R. v. Boersma, [1994] 2 S.C.R. 488
Daniel Boersma and
Ronae William Nicols Appellants
v.
Her Majesty The Queen Respondent
Indexed as: R. v. Boersma
File No.: 23889.
1994: June 17.
Present: Sopinka, Gonthier, Cory, Iacobucci and Major JJ.
on appeal from the court of appeal for british columbia
Constitutional law ‑‑ Charter of Rights ‑‑ Unreasonable search and seizure ‑‑ Cultivation of marihuana ‑‑ Plants cultivated in plain sight on Crown land ‑‑ No reasonable expectation of privacy ‑‑ Accused not entitled to protection of s. 8 of Canadian Charter of Rights and Freedoms.
Statutes and Regulations Cited
Canadian Charter of Rights and Freedoms, s. 8.

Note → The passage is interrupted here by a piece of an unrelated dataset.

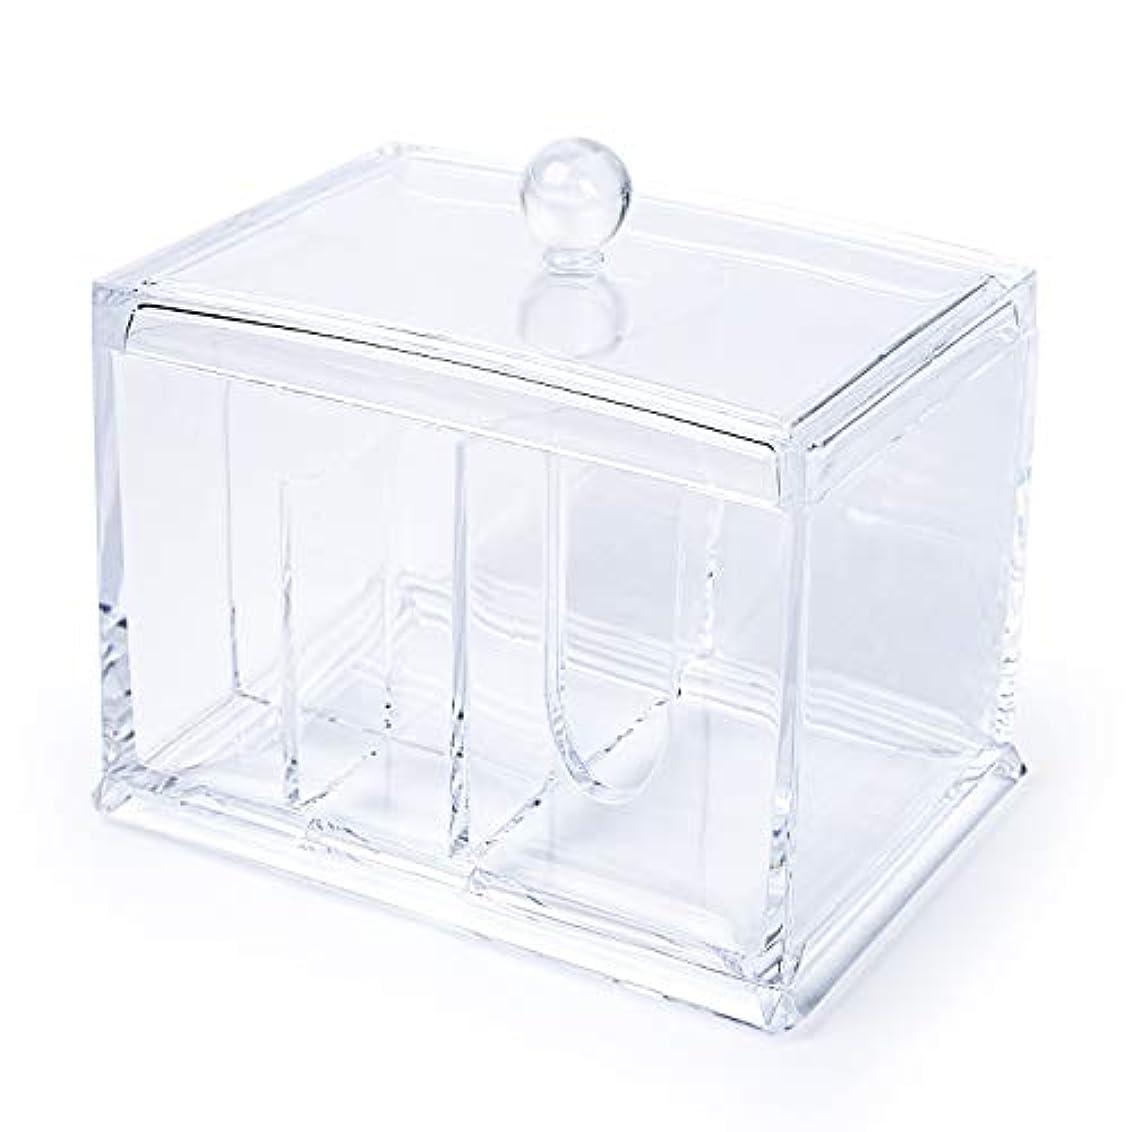 肉の校長蒸ELOKI 収納ボックス アクリルケース 収納ボックス 綿棒 小物?コスメ小物用品収納 ジュエリーボックス アクセサリー 透明 防塵?蓋付き アクリル製

APPEAL from a judgment of the British Columbia Court of Appeal (1993), 38 B.C.A.C. 310, 62 W.A.C. 310, allowing the Crown's appeal from the acquittals of the accused on charges of cultivating marihuana and ordering a new trial. Appeal dismissed.
Peter Jensen, for the appellants.
S. David Frankel, Q.C., for the respondent.
The judgment of the Court was delivered orally by
Iacobucci J. ‑‑ This appeal comes to us as of right. The appellants were charged with the possession and cultivation of marihuana on what was Crown land. The plants were being cultivated in plain sight and were observed by police officers walking by on a dirt road. In these circumstances, we agree with Lambert J.A. of the British Columbia Court of Appeal that the appellants had no reasonable expectation of privacy with respect to the area on which marihuana was being cultivated and were thus not entitled to the protection of s. 8 of the Canadian Charter of Rights and Freedoms. Accordingly the appeal is dismissed.
Judgment accordingly.
Solicitor for the appellants: Peter Jensen, Kamloops.
Solicitor for the respondent: John C. Tait, Ottawa.